Problem with unit coversion (temperature) I'm having some difficulty understanding one formula that I was introduced to today. The problem concerns converting BTU's to joules.
The formula given by my teacher as well as Wikipedia says that:
$1 BTU = 1lb \cdot c \cdot\Delta 1 ^{\circ}F$ ; 
where lb is pound-mass and c is the specific heat capacity. 

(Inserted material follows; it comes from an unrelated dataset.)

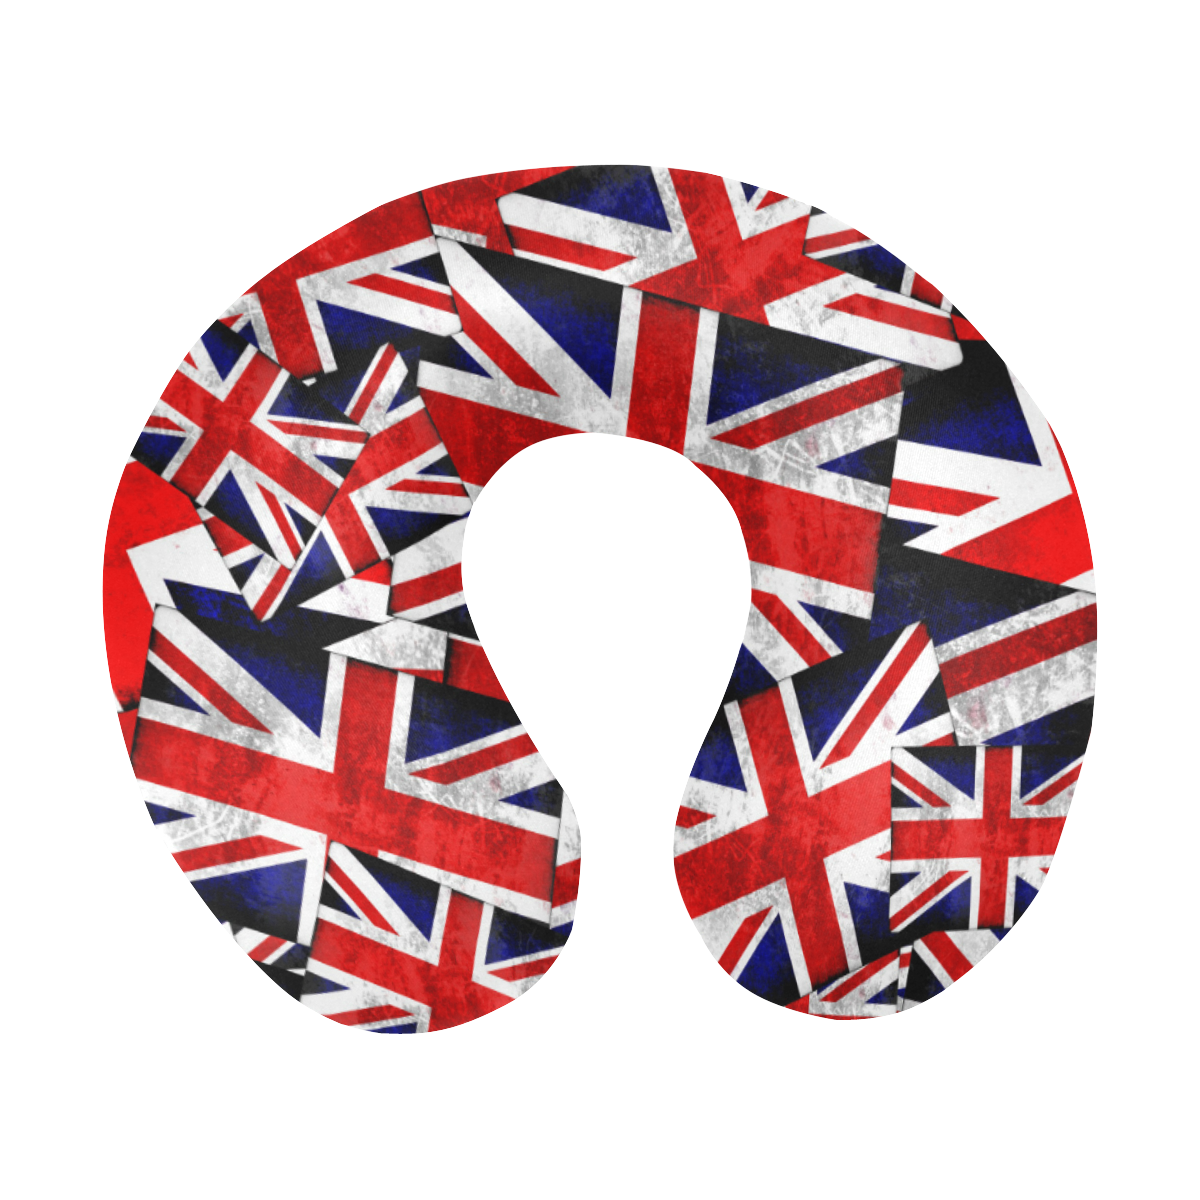 Union Jack British UK Flag U-Shape Travel Pillow

For water we know that: $c=4,185 \cfrac{kJ}{kg\cdot\Delta^{\circ}C }$. Now I want to prove that $1$ BTU is equal to $1,056$ kJ. In the following transformation I'm going to be using the fact that $\Delta^{\circ}F = \cfrac 95\Delta^{\circ}C$
$1BTU = 1[lb] \cdot c \cdot\Delta 1 ^{\circ}F = 0,454 [kg]  \cdot 4,185 \cfrac{kJ}{kg\cdot\Delta^{\circ}C }\cdot \Delta1 ^{\circ}F = \\ 0,454 [kg]  \cdot 4,185 \cfrac{kJ}{kg\cdot\cfrac59\Delta^{\circ}F }\cdot \Delta 1 ^{\circ}F$
After simplifying, we get that $1$ BTU is equal to $0,454 \cdot\cfrac95\cdot4,185[kJ]$; The correct anwser is that 
$1$ BTU is equal to  $0,454 \cdot\cfrac59\cdot4,185[kJ]$
I honestly cannot spot the mistake. Any help appreciated!
 A: In your derivation, I don't see where there could be an error. However, I think the problem is clarified by thinking about the specific heat capacity in degrees Fahrenheit.
Specific heat capacity can be seen in the following way: "Informally, it is the amount of energy that must be added, in the form of heat, to one unit of mass of the substance in order to cause an increase of one unit in its temperature." [Wikipedia]
A change in degrees Celsius equals $\frac{5}{9}$ times that change in degrees Fahrenheit (as you said $\Delta ^{\circ} F = \frac{9}{5} \Delta^{\circ}C$). For a $\frac{5}{9}$ unit increase in temperature, $\frac{5}{9}$ of the amount of energy must be added. Therefore, to express the specific heat capacity in Fahrenheit, it is multiplied by $\frac{5}{9}$ (instead of divided). This results in the desired $0,454\cdot \frac{5}{9} \cdot 4,185 [kJ]$.
A: I suspect that the confusion is all about the definition of "specific heat". Let me try to avoid that altogether.
Observe that
$Q \propto m$ and $Q \propto T$ $\implies Q \propto mT$
where $Q = $ heat transfer, $m = $ mass of the substance and $T = $ change in temperature
Equivalently, $\frac{Q}{mT} = $ constant
In other words, $\frac{Q_1}{m_1T_1} = \frac{Q_2}{m_2T_2} = \ldots$
Now consider two cases:
$Q_1 = 1$ Cal $ = 4185$J, $m_1 = 1$kg and $T_1 = 1^\circ$C
and
$Q_2 = x$ J, $m_2 = 0.454$kg and $T_2 = \frac{5}{9}^\circ$C
Next solve
$\frac{x}{0.454 \times \frac{5}{9}} = \frac{4185}{1 \times 1}$
Finally $Q_2 = 1055.55$J